I landed a new job about two years ago and sort of got lost in it for awhile. (In a good way. :) ) Plus had some great things happen on the writing front - had a history book published and landed a literary agent for my fiction. :D
 
Messages
13,669
Location
down south
'White Zombie' (1932)
Bela Lugosi as a Haitian witch doctor.......maybe not so much. BUT...folks knew what's up back in the day. The undead being forced by the bokor to toil in the sugar cane fields is far more legit than a bunch of brain eating geeks staggering around like a Phish concert just let out on Halloween. George Romero made a classic with 'Night of the Living Dead' back in '68, but the genre's been all downhill since.
 

Worf

I'll Lock Up
Messages
5,206
Location
Troy, New York, USA
Thanks, Worf! So good to be back!

I landed a new job about two years ago and sort of got lost in it for awhile. (In a good way. :) ) Plus had some great things happen on the writing front - had a history book published and landed a literary agent for my fiction. :D

Wow.... Kudos for living life and not spending all day here gabbin' about it! What was your history book about? I love to hear of folks DOING things! Outstanding!

Worf
 

AmateisGal

I'll Lock Up
Messages
6,126
Location
Nebraska
Wow.... Kudos for living life and not spending all day here gabbin' about it! What was your history book about? I love to hear of folks DOING things! Outstanding!

Worf

Thanks, Worf! I must say, though, that coming back to the lounge feels like "coming home." I've really missed this place. Plus, I've spent way too much time on FB and Twitter lately. Getting tired of the vapidness of social media.

My book is about the POW camps in Nebraska during World War II - they held Germans and Italians. Here's the link if you're interested:

Nebraska POW Camps: A World War II History of Prisoners in the Heartland
 
Messages
17,190
Location
New York City
Thanks, Worf! I must say, though, that coming back to the lounge feels like "coming home." I've really missed this place. Plus, I've spent way too much time on FB and Twitter lately. Getting tired of the vapidness of social media.

My book is about the POW camps in Nebraska during World War II - they held Germans and Italians. Here's the link if you're interested:

Nebraska POW Camps: A World War II History of Prisoners in the Heartland

Congratulations on your success at your job and in your writing career.

I read the first few pages on Amazon and am impressed (had to be quite an interesting conversation for the Brits to first broach with the US: "I'm, well, I'm, uh, we were just thinking, I'm, if you would like, uh, well no, consider, I'm, maybe, perhaps, housing a few, uh, let's call them, umm, people for us in your country...").

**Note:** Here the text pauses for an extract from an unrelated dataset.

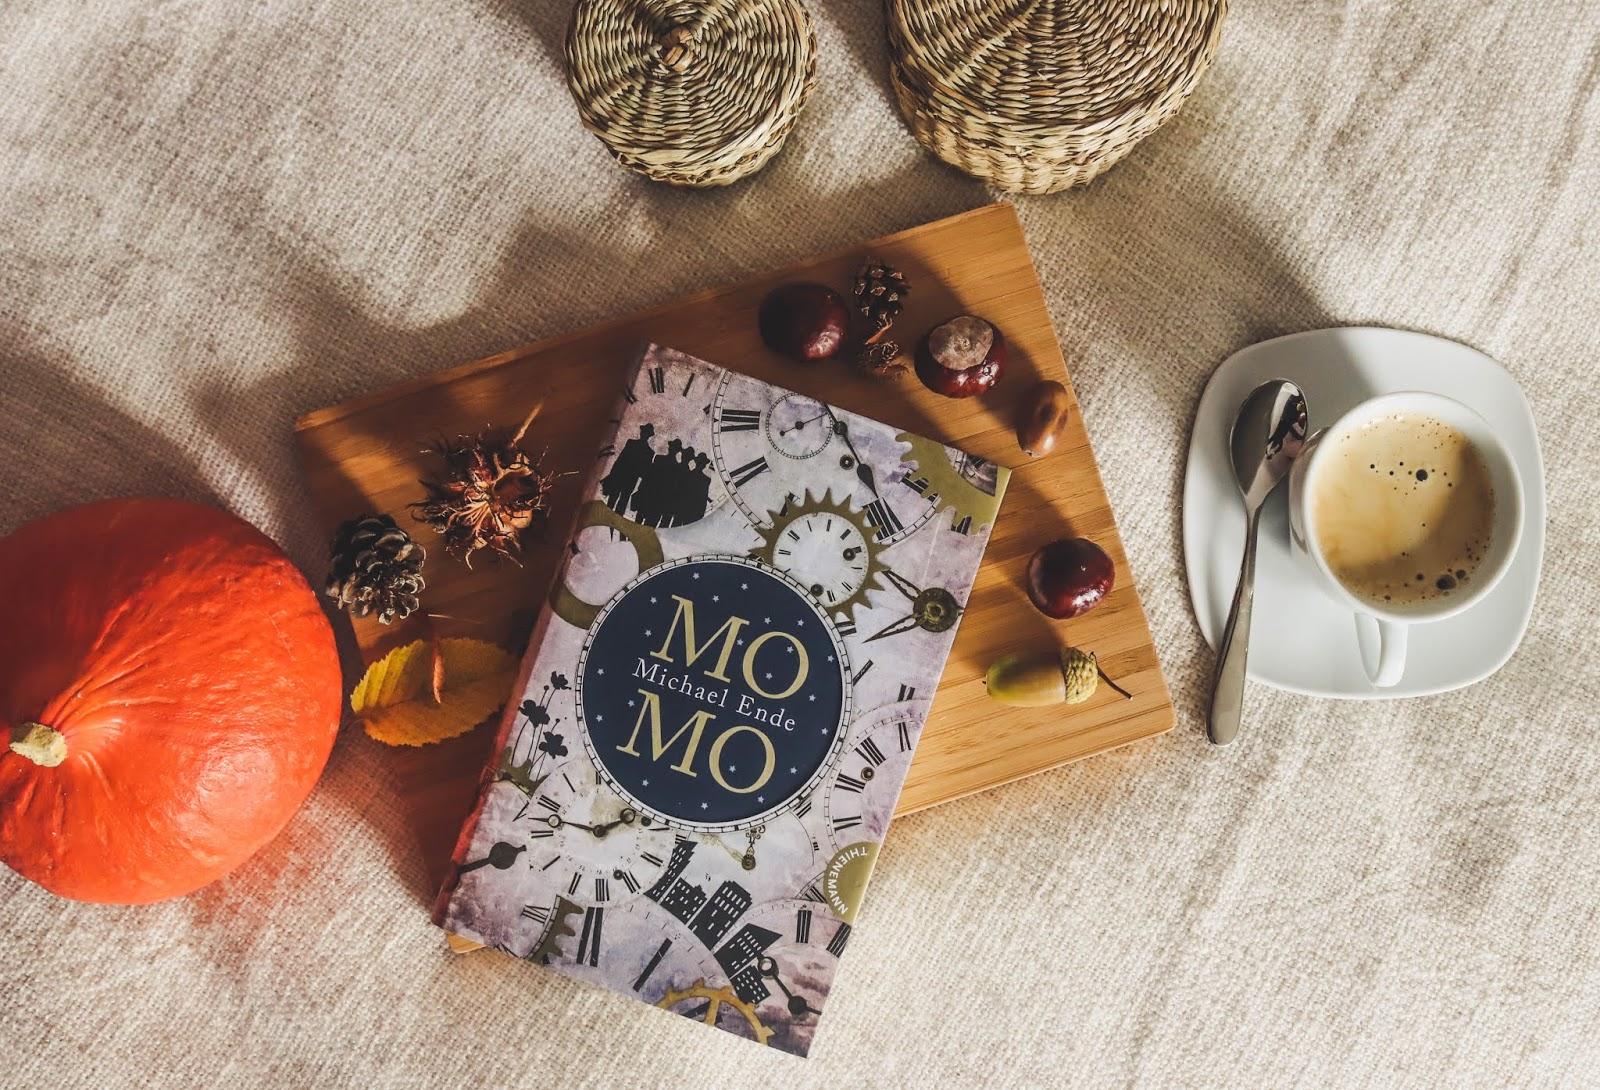 BUCHTIPP | Momo – Ein Kinderbuchklassiker von Michael Ende

I'm also excited to hear about your fiction. As Worf said, very neat to see you turning your passion for things past - that we all chat about here - into something so productive.
 

Wally_Hood

One Too Many
Messages
1,772
Location
Screwy, bally hooey Hollywood
The Big Country (1958) with Gregory Peck, Jean Simmons, Carroll Baker, Charlton Heston, and Burl Ives; dir. William Wyler. Long, slow shots of people thinking, epic vistas of mountains and plains and canyons, with some long, slow shots of people thinking, interspersed with some long, slow dialogue. When Burl Ives recites his lines the tempo picks up. Check out his false eyebrows, made from kiddy toy bat wings.

All the move-making gimmicks are here to make you think you're watching an epic: ponderous pacing, static placement of extras while the principals stare at each other to stretch out the time, crane shots, long-distance shots of riders on horseback traveling across dramatic terrain (think of Lawrence of Arabia trekking across endless lunar-like landscapes). The thing clocks in at 2 hours and 40-some minutes but it seems like about a week.